An efficient algorithm to calculate the integer square root (isqrt) of arbitrarily large integers

Notice
For a solution in Erlang or C / C++, go to Trial 4 below.
Wikipedia Articles
Integer square root
The definition of "integer square root" could be found here
Methods of computing square roots
An algorithm that does "bit magic" could be found here
[ Trial 1 : Using Library Function ]
Code
isqrt(N) when erlang:is_integer(N), N >= 0 ->
erlang:trunc(math:sqrt(N)).
Problem
This implementation uses the sqrt() function from the C library, so it does not work with arbitrarily large integers (Note that the returned result does not match the input. The correct answer should be 12345678901234567890):
Erlang R16B03 (erts-5.10.4) [source] [64-bit] [smp:8:8] [async-threads:10] [hipe] [kernel-poll:false]

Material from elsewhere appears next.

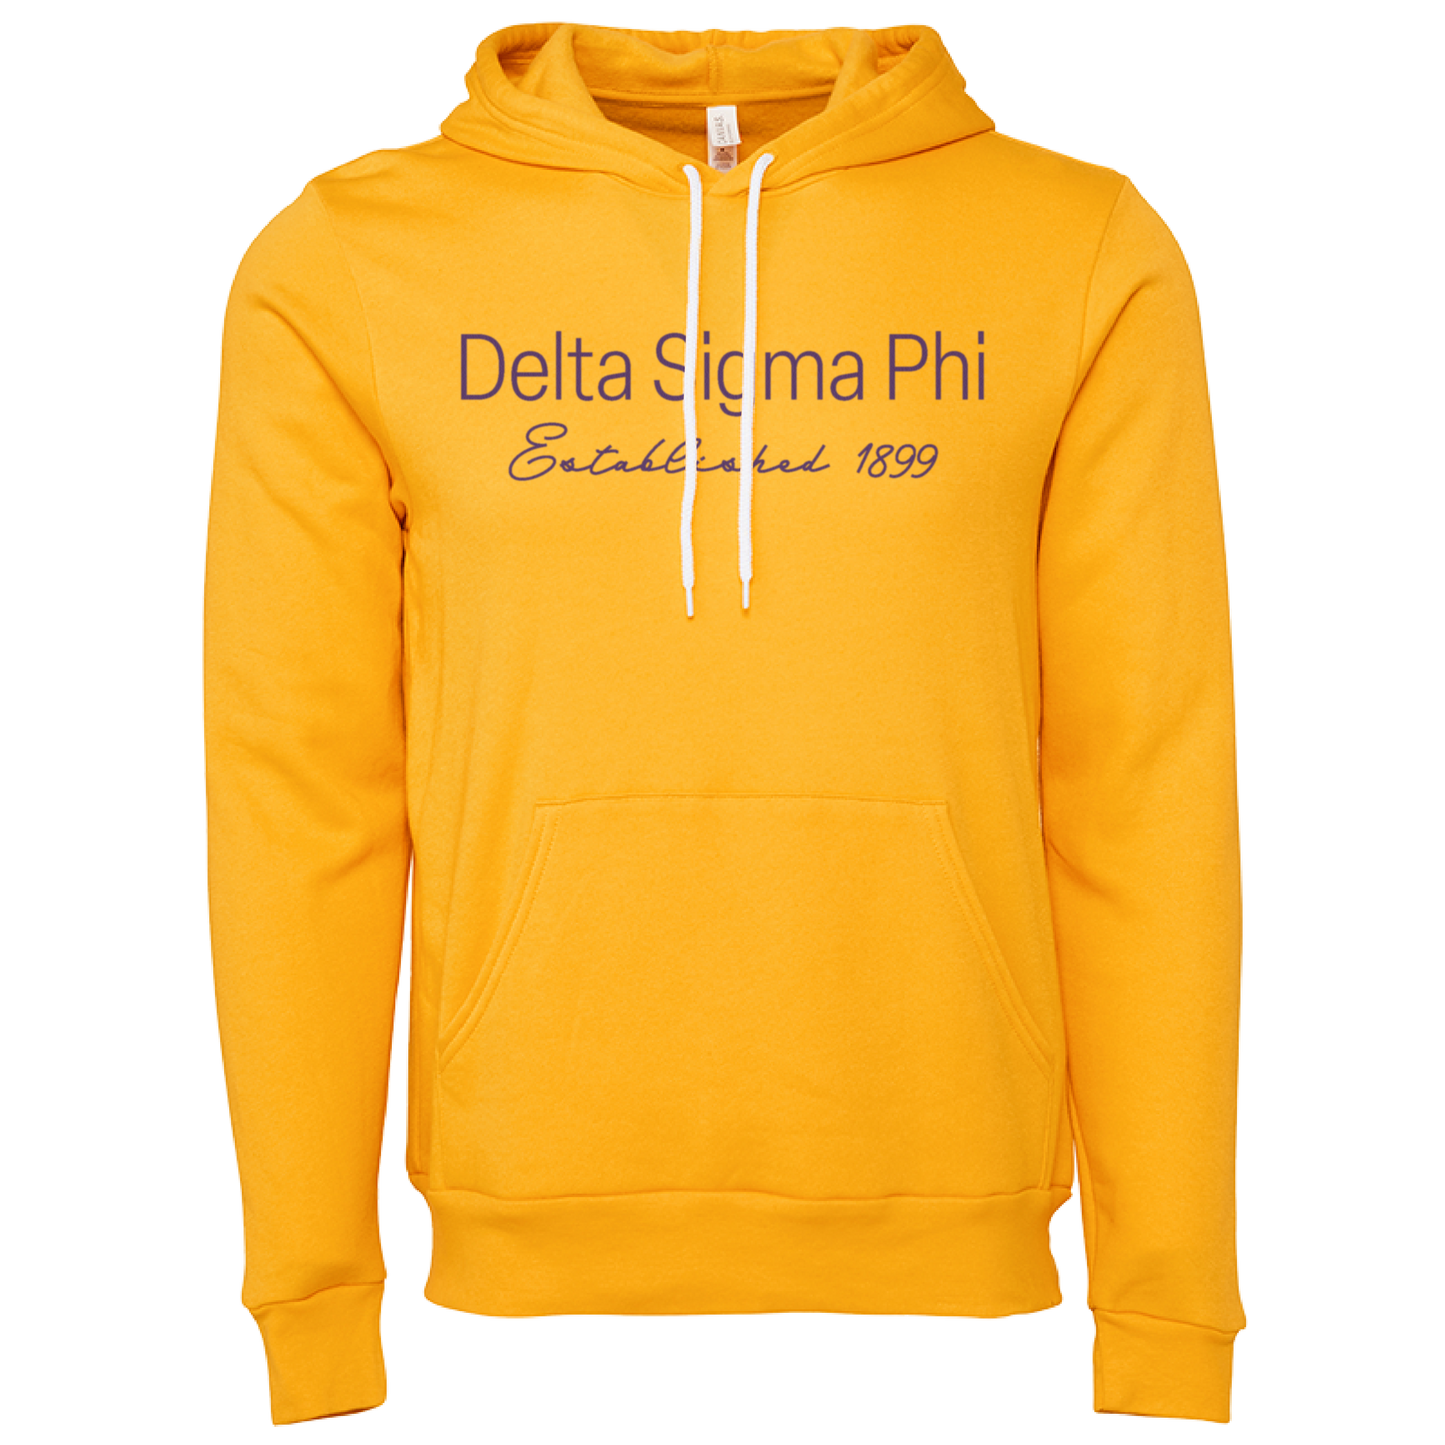 Delta Sigma Phi Embroidered Printed Name Hooded Sweatshirts

Eshell V5.10.4 (abort with ^G)
1> erlang:trunc(math:sqrt(12345678901234567890 * 12345678901234567890)).
12345678901234567168
2>
[ Trial 2 : Using Bigint + Only ]
Code
isqrt2(N) when erlang:is_integer(N), N >= 0 ->
isqrt2(N, 0, 3, 0).
isqrt2(N, I, _, Result) when I >= N ->
Result;
isqrt2(N, I, Times, Result) ->
isqrt2(N, I + Times, Times + 2, Result + 1).
Description
This implementation is based on the following observation:
isqrt(0) = 0 # <--- One 0
isqrt(1) = 1 # <-+
isqrt(2) = 1 # |- Three 1's
isqrt(3) = 1 # <-+
isqrt(4) = 2 # <-+
isqrt(5) = 2 # |
isqrt(6) = 2 # |- Five 2's
isqrt(7) = 2 # |
isqrt(8) = 2 # <-+
isqrt(9) = 3 # <-+
isqrt(10) = 3 # |
isqrt(11) = 3 # |
isqrt(12) = 3 # |- Seven 3's
isqrt(13) = 3 # |
isqrt(14) = 3 # |
isqrt(15) = 3 # <-+
isqrt(16) = 4 # <--- Nine 4's
...
Problem
This implementation involves only bigint additions so I expected it to run fast. However, when I fed it with 1111111111111111111111111111111111111111 * 1111111111111111111111111111111111111111, it seems to run forever on my (very fast) machine.
[ Trial 3 : Using Binary Search with Bigint +1, -1 and div 2 Only ]
Code
Variant 1 (My original implementation)
isqrt3(N) when erlang:is_integer(N), N >= 0 ->
isqrt3(N, 1, N).
isqrt3(_N, Low, High) when High =:= Low + 1 ->
Low;
isqrt3(N, Low, High) ->
Mid = (Low + High) div 2,
MidSqr = Mid * Mid,
if
%% This also catches N = 0 or 1
MidSqr =:= N ->
Mid;
MidSqr < N ->
isqrt3(N, Mid, High);
MidSqr > N ->
isqrt3(N, Low, Mid)
end.
Variant 2 (modified above code so that the boundaries go with Mid+1 or Mid-1 instead, with reference to the answer by Vikram Bhat)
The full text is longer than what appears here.